Partitioning Tables

Partitioning is a table design technique that significantly reduces resource consumption when queries join or aggregate rows. A partitioned table is stored in a number of separate pieces called partitions. Queries read and operate on individual partitions of the table one at a time instead of having to read and process the whole table at once, which reduces memory requirements and the likelihood of spilling. The reduction in memory requirements in turn enables more concurrency and better performance.

You set up the partitioning scheme for a table by declaring partition columns in the CREATE TABLE statement. You can partition on specific ranges of values, such as dates or numbers, or you can use a hash function to partition the data for you.

Partitioning is secondary to data distribution and does not change the distribution scheme defined in the CREATE TABLE statement.

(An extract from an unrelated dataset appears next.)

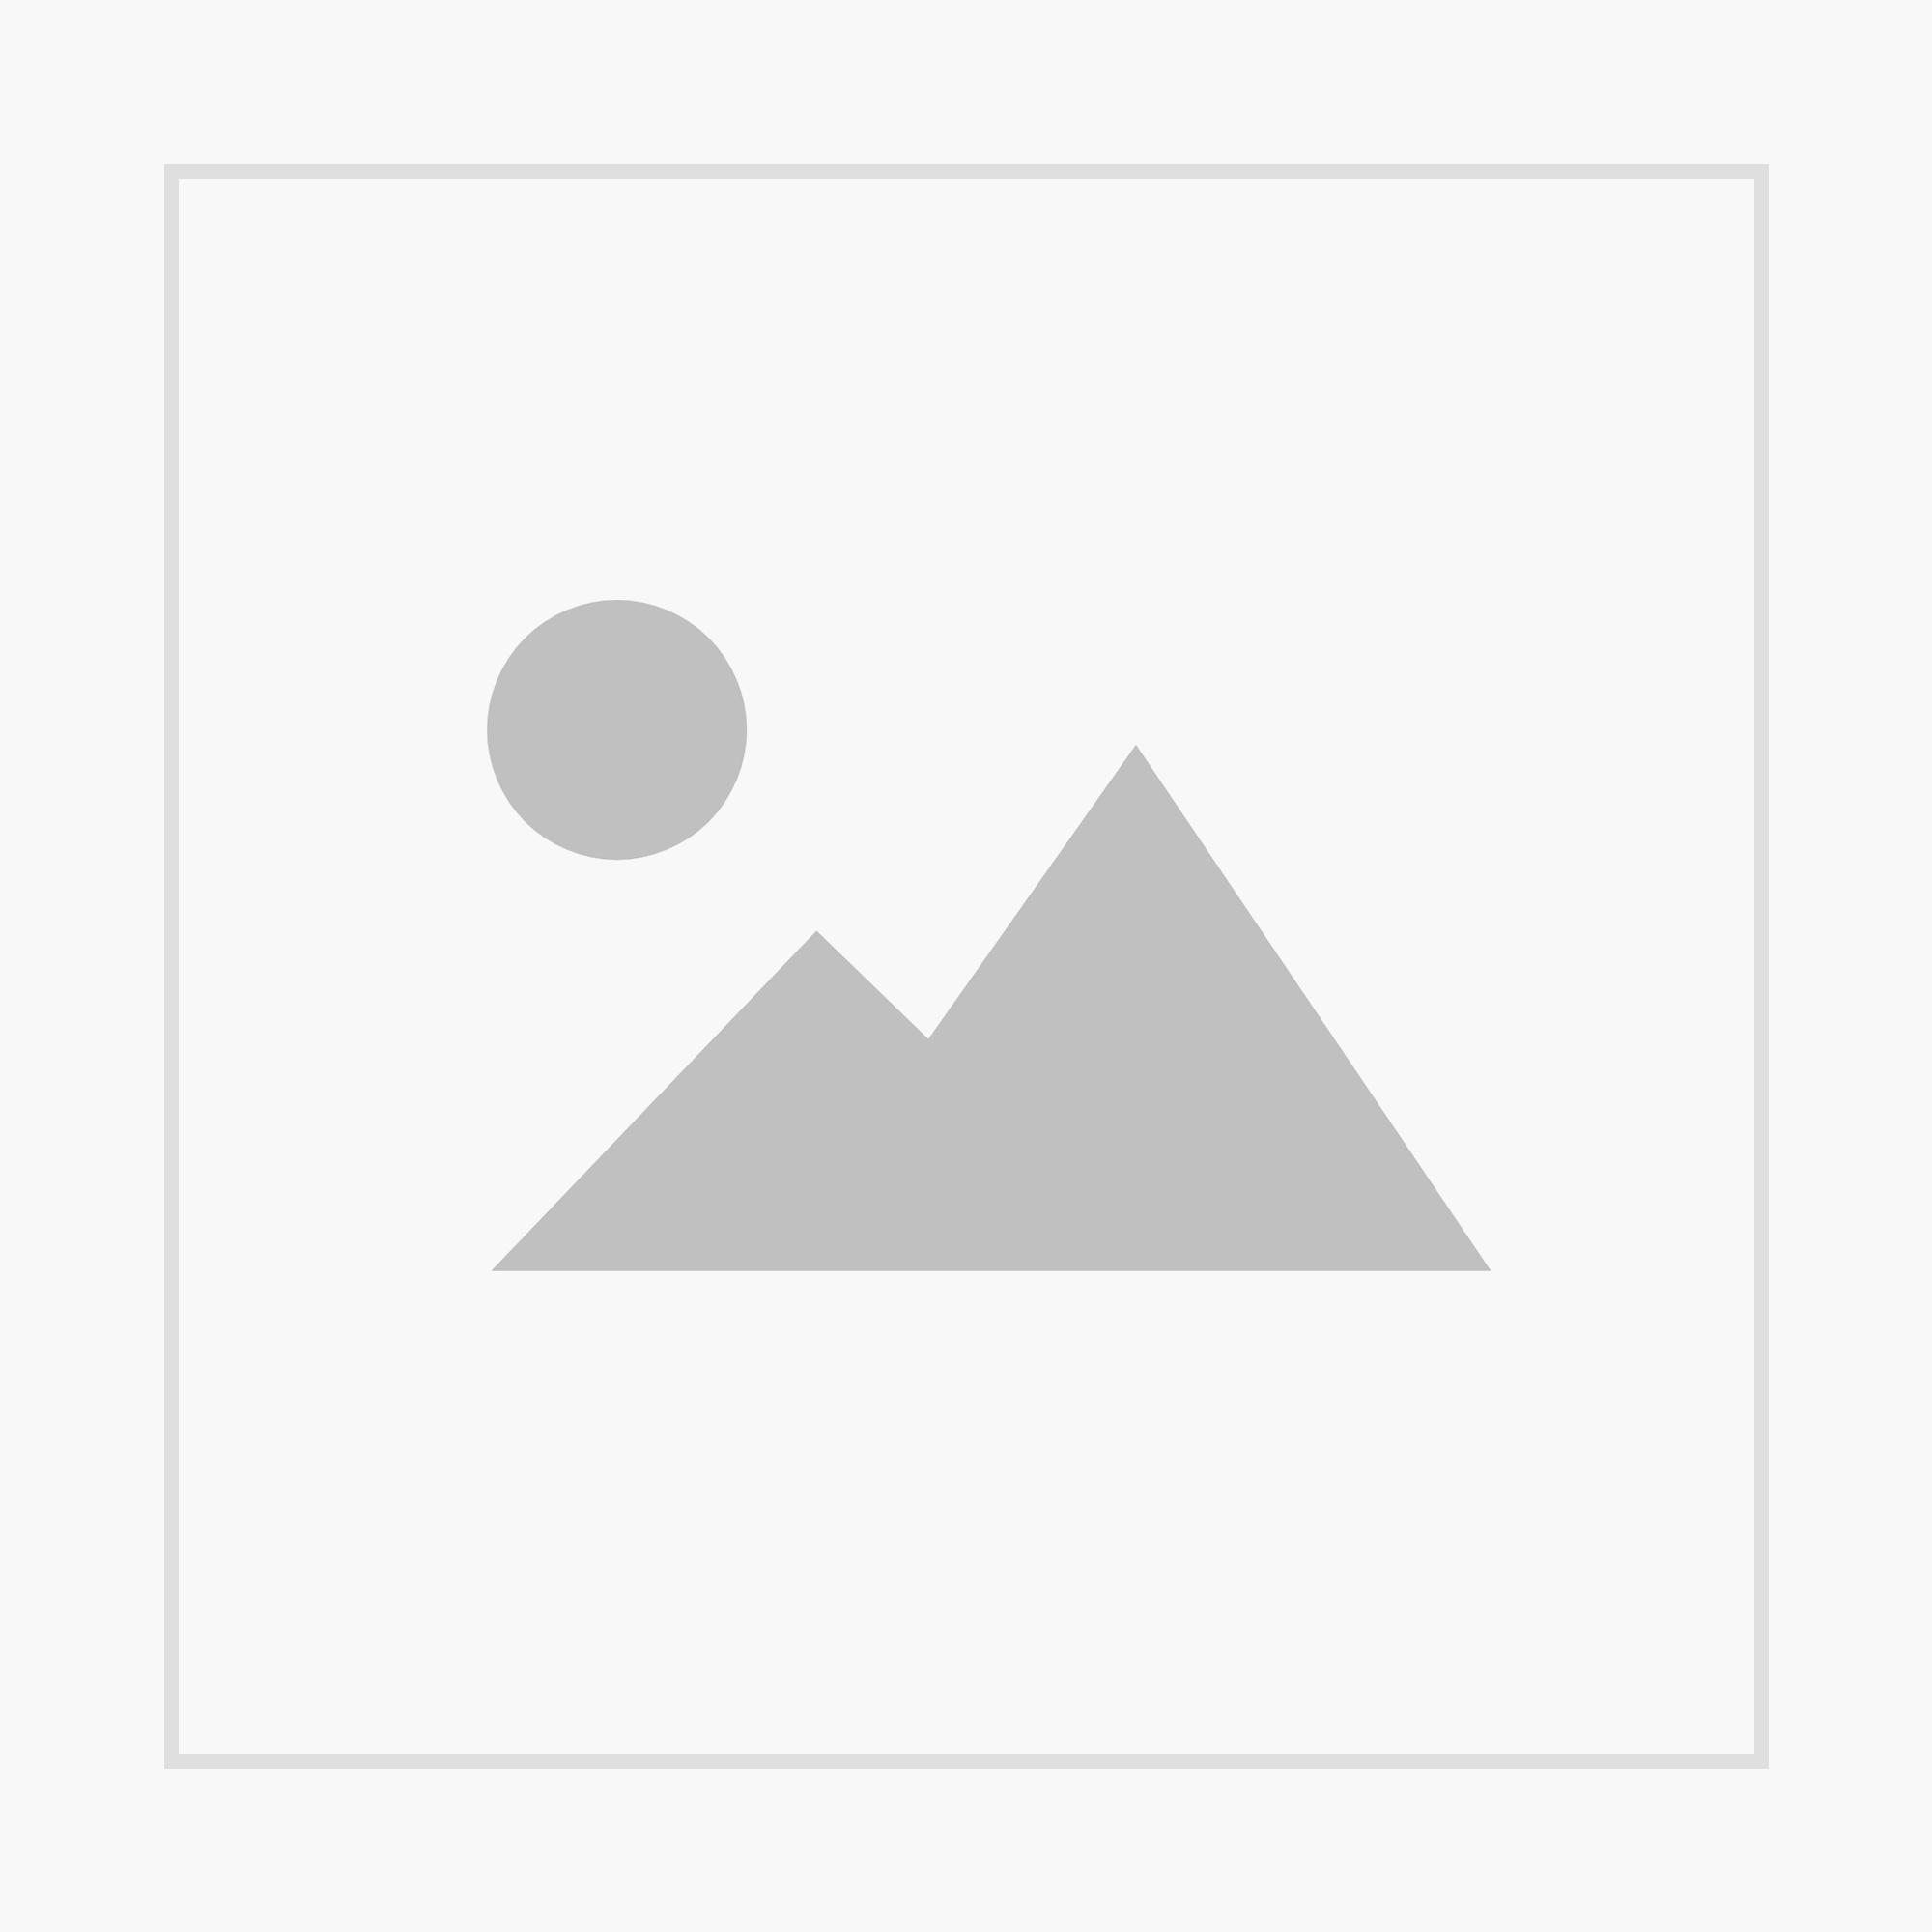 NaBiV Heft 147: Artenschutz unter Klimawandel: Perspektiven für ein zukunftsfähiges Handlungskonzept

Partitions divide data within the worker node where data is already distributed.

For complete syntax and examples, see Partitioning Options.

To see how data is physically partitioned for a specific table that you have created and loaded, query the sys.table_partition view.

General Restrictions on Partitioning Tables

  • Up to four columns in a single table can be partitioned.
  • The number of partitions produced by a single specification must be no greater than 32767.
  • The product of the number of partitions produced by all specifications for the same table must be no greater than 250000. For example, the following table cannot be created:
    premdb=# create table hashtable(a int, b int) 
    partition by (hash(a with 3000 partitions), hash(b with 1000 partitions));
    ERROR:  the product of the number of partitions produced by all specifications results in 3000000 partitions, 250000 allowed
  • Replicated tables cannot be partitioned.
  • Partitioning schemes cannot be altered after a table is created. To change partitioning, you have to re-create the table.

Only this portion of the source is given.